# Balcony heater ideas?



## StogieJim (Sep 18, 2010)

So it's getting cold out! 

This is my first winter since moving from Tampa and the thought of not being able to enjoy a smoke kind of sucks!

I was looking at some space heaters online, not sure if they'd keep me warm enough outside, or how well they work outdoors...

Anyone have any inexpensive suggestions for a balcony heater? I live in an apartment without a garage.

Thanks!


----------



## dj1340 (Mar 30, 2009)

Jim, I think there are a couple of options to look at. I have a small unit called Mr. Heater, it is run with propane. Has a couple of heat settings
and a fan as well. Does a good job directing the heat towards you. Also there is a unit that fits on top of the propane tank that
has a couple of heating elements. Puts out some decent heat. Both of these can be found at major hardware stores I believe.


----------



## asmartbull (Aug 16, 2009)

I have one of these
Dyna Glo 9,000 - 15,000 BTU Liquid Propane Heater - Walmart.com and works just fine

I am looking at one of these

http://www.brookstone.com/commercia...=47459388684&gclid=CNHhnaK9jbQCFUOK4AoduXoAKA


----------



## TonyBrooklyn (Jan 28, 2010)

StogieJim said:


> So it's getting cold out!
> 
> This is my first winter since moving from Tampa and the thought of not being able to enjoy a smoke kind of sucks!
> 
> ...


Until recently i would have said propane! But Sandy the storm that recently ripped through the northeast changed my mind. No electricity for 5 days so i bought a couple of Kerosene heater 23,000 Btu's each they heat up the whole house in minutes for pennies an hour. They are safe to use indoors they have a batteries ignition but if the batteries fail can be lit with a match. In fact in the day time i find myself using them more than the furnace for heat. Naturally at night they go off. I wouldn't trust anything with a flame unguarded. But for your purpose i think they are just right!

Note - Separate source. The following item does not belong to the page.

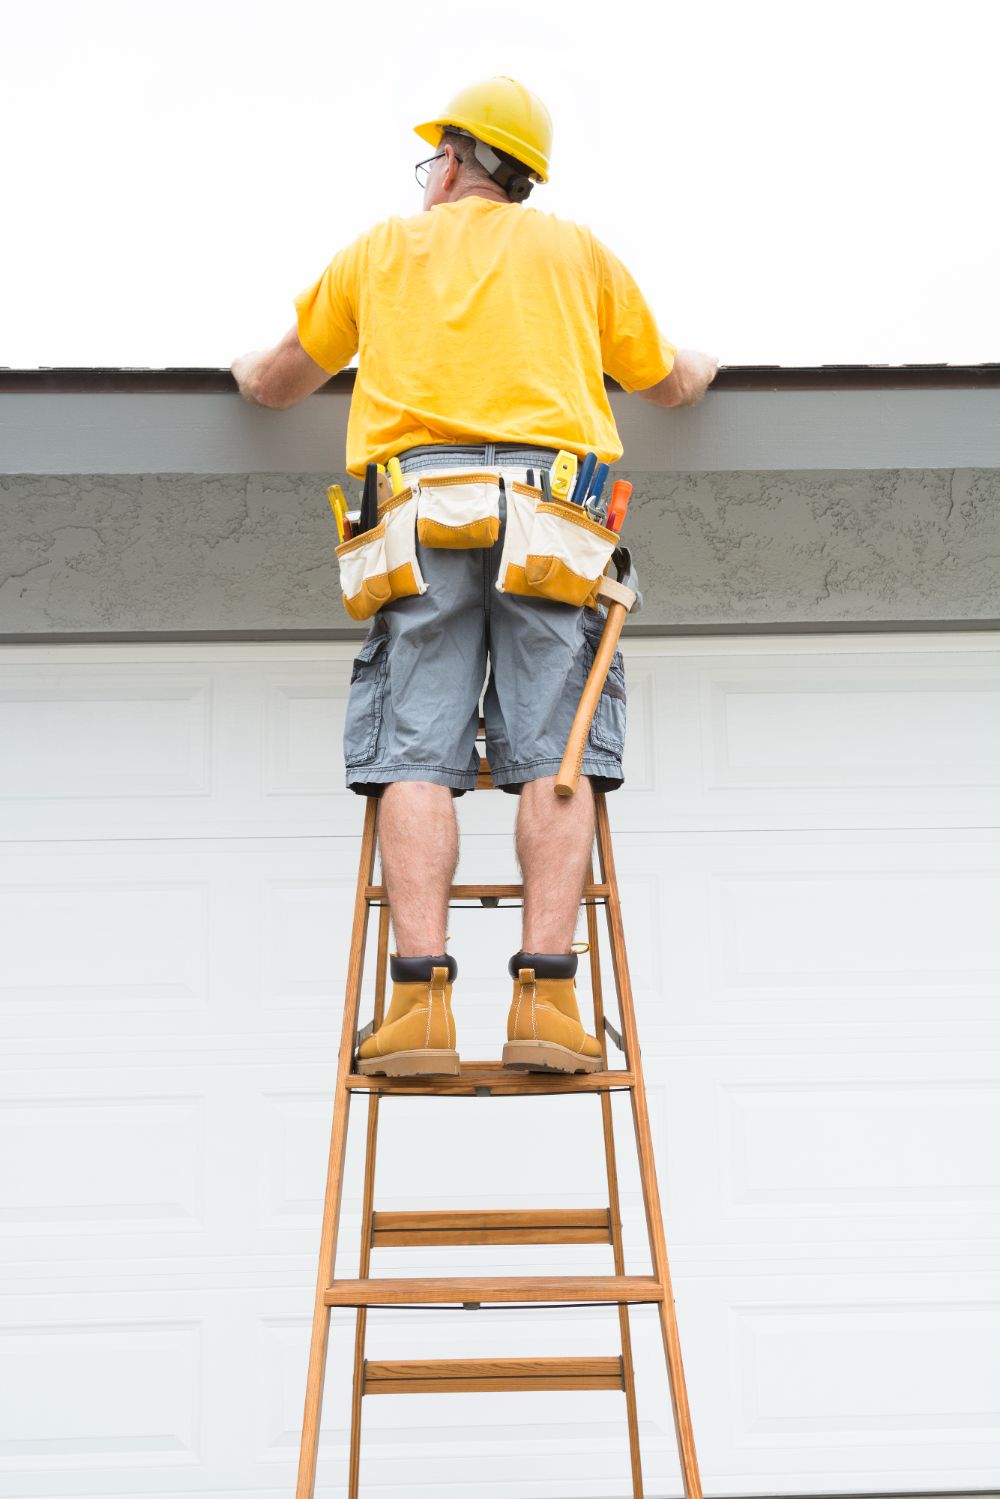 Contractor standing on ladder financially protected by insurance if he were to fall

DH2304 23, 000 BTU Convection Kerosene Heater
Our modern convection style kerosene heater features a user friendly design which allows automatic wick raising without first "resetting" the emergency shut off. The design of this heater starts with a rugged steel frame and features sturdy construction throughout. All major internal components are machine stamped and quality checked to eliminate problems for you. The heavy gauge metal cabinet is finished with and attractive porcelain enamel paint to insure lasting performance.

DH2300,2301,2302,2303 Manual (Spanish Version)

DH2304 Manual (Spanish Version)

Lighting Instructions Wick Changing Instructions
DH2304 Specifications
Heater Type: Convection
Heat Output: 23,000 BTU/hr.
Recommended Heating Area 930 sq. ft.
Burning Time: 9-12 hrs.
Color of Finish: Cream / Gray Trim
Dimensions (WxDxH): 20"x 20"x 27"
Shipping Weight: 37 lbs.
Net Weight: 30 lbs.
Fuel Tank Capacity: 1.9 gallons
Fuel Tank Type: Fixed

There are smaller ones with less BTU that are cheaper depending on your needs these were around $200 each.
There was a 11,000 BTU one for around a hundred dollars .


----------



## D307P (Sep 28, 2012)

Propane Patio Heaters at Brookstone[/QUOTE]

I have this exact heater that I got from Costco Online shipped right to the house for $139. Excellent heater. Make sure you secure it if it gets windy as it will blow over and damage the aluminum top. I bungy it to the back of house when not using it. Same type of heater that outdoor restaurants use. I don't know if you could use it on a balcony as mine is 8-9 feet tall.


----------



## StogieJim (Sep 18, 2010)

Great suggestions guys!

Al, is that thing really bright? My balcony faces a courtyard where there are probably like 30 other balconies within sight, and I don't want to attract all the attention to my unit!

Tony, I gotta look into this, where does one get kerosene? And it doesn't smell does it? The price is kind of high for me right now... My only issue with the propane is the 8-10 hours per use on a tank.... that's 20 bucks every 5-6 smokes plus the drive to the store to get a refill. Was hoping something electrical would do the trick... not so much huh?

Dave, yea I've seen those but im on the second floor and i think my balcony only has about 8 feet of clearance.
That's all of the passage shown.